First of all, DOT's have also proven that the practice of estimating practical lifespans has little more science to it than throwing darts at a dartboard. We used to build all kinds of stuff with deep-set concrete all over the Northeast. But Northeastern DOT's continually under- and over-estimated actual lifespans at the extremes. Either it gets ripped up every 20 years for constant add-a-lanes or turning-lane augmentations and utility trenching and has to go because the base is too hacked-to-pieces, or has to absorb so many decades extra deferred maintenance that when it's finally shot you get stuff like 10 miles of simultaneous frost heaving on NY's Taconic State Parkway in winter 2015.
Its very durability and permanence mean you have to have some pretty good idea of what the next 30+ years holds for capacity management before doing concrete. And these next 30 years are a lot less certain than the last. "Inefficiency" thus has some degree of bizarro-efficiency sticking with materials that have finite time limit. It's not ideal, but it sorta works with how the Northeastern megalopolis is continually fidgeting with its roadways.
Second...it's got a lot to do with supply chain. Southern New England is a huge producer of blacktopping trap rock. There's quarries all over the damn place, especially within the first 5 miles inland of the CT shoreline the whole length of I-95. It is dirt-ass cheap and we've got another 100 years' supply left in most of the major quarries before we even flinch at the notion of "peak asphalt". Concrete is cheapest to produce in areas where there's more lime in the bedrock for producing
Portland cement, the main ingredient. Northern New England is better for that than Southern New England, which is why Boston Sand & Gravel's source quarries are all located in Stafford County, NH. But places in the country that have
very abundant lime deposits can locally produce it way cheaper. And it shows in the type of road construction they use.
For example, I was down in Orlando for about 4 days last month. The Everglades are one ginormous limestone deposit whose chemistry is built, mixed, and ultimately eaten by groundwater. They pave everything with regular blacktop, but every bridge from oldest/most-obsolete to newest is concrete...very few traditional steel girders. All bridge decks are concrete. All telephone poles everywhere are concrete...not just for the hurricane tolerances but also because they're cheap and easy to make out of recycled concrete (here you only see concrete poles for Metro Boston streetlights, not generic wire-carrying poles). All railroad ties and grade crossings are concrete. And they use jersey barriers for all kinds of off-the-wall purposes; they're like the proverbial Lego bricks of berms, fencing, and drainage channels.
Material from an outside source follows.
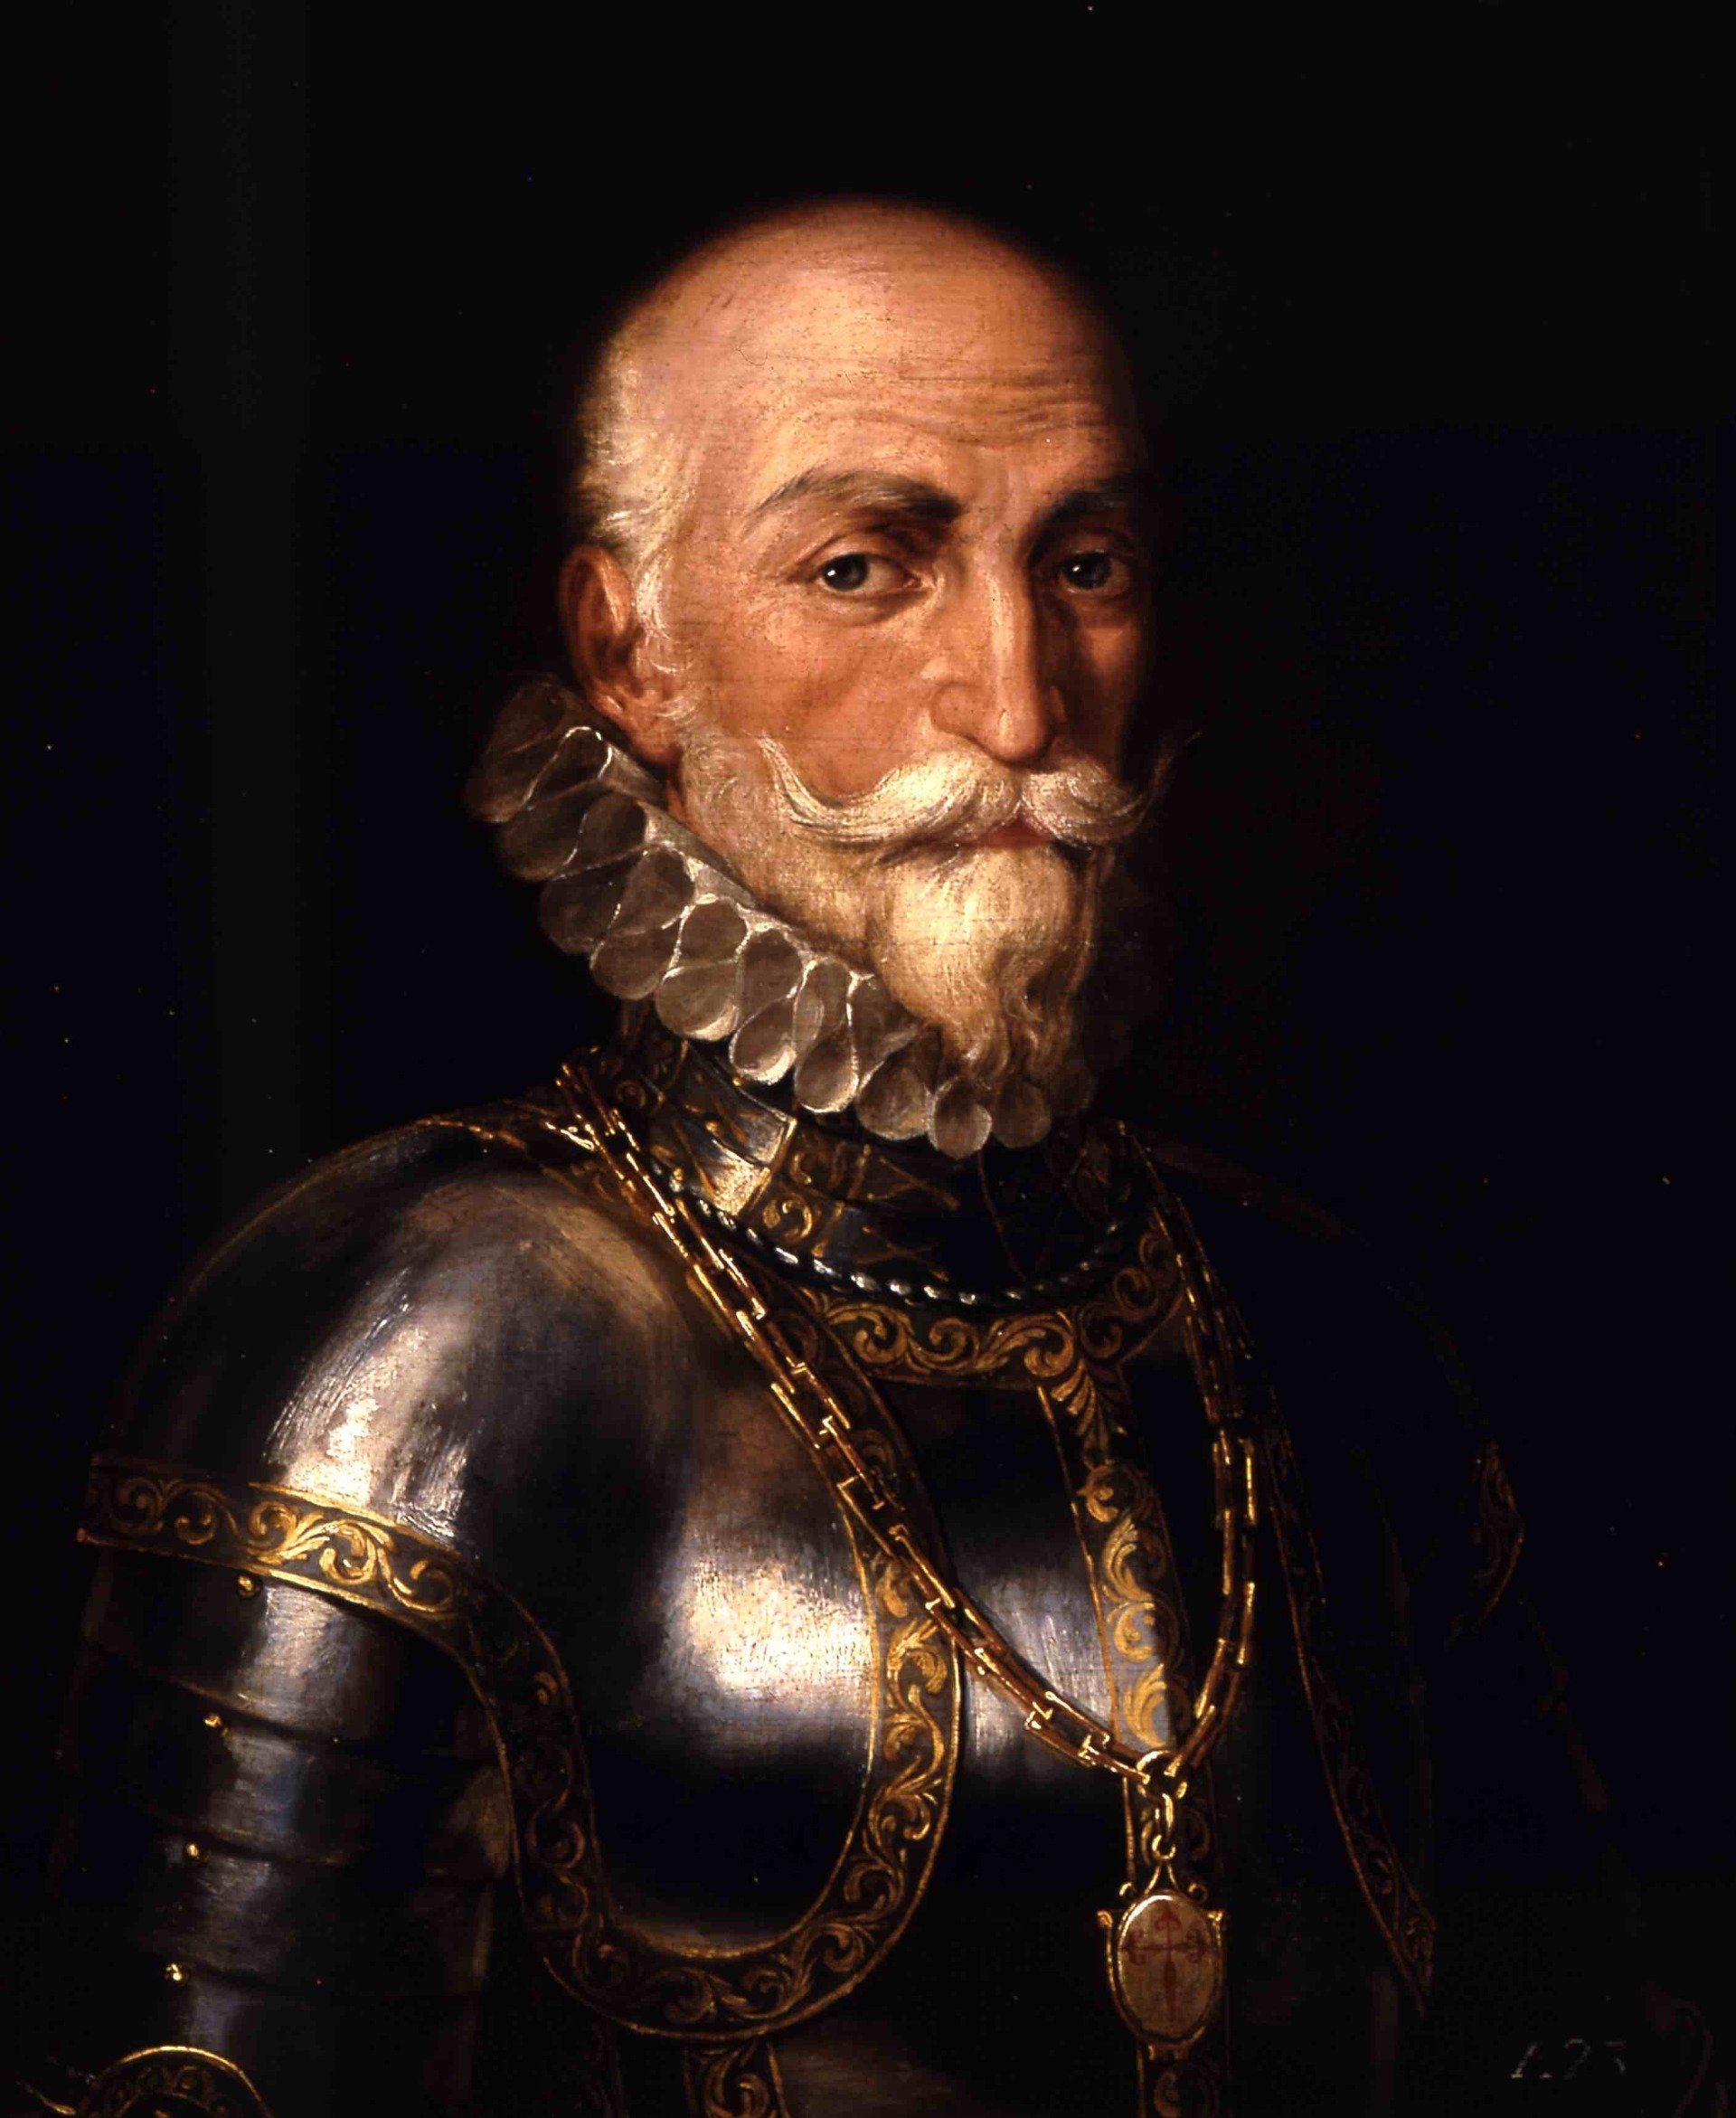 'Don Alvaro de Bazan' painting exhibited at the Naval Museum in Madrid, Spain. Photo: Courtesy of the Naval Museum in Madrid

It's so stupidly cheap for them to mix cement locally they can gorge on it like we can gorge on local trap rock for below-cost blacktopping.
Same deal elsewhere. Got lots of old volcanic flood basalts laying around...you're gonna have abundant trap rock. Got an easy-to-acquire bitumen supply at home like we've got from parts of the Rockies and the huge deposits in Alberta...gonna have a very easy time transporting the petroleum ingredients that makes asphalt out of all that local bulk trap rock. Got limestone in abundance with shale...gonna have cheap Portland cement production capacity like the Great Lakes region, Gulf Coast, lower Plains, inland California, and other parts of the Rockies.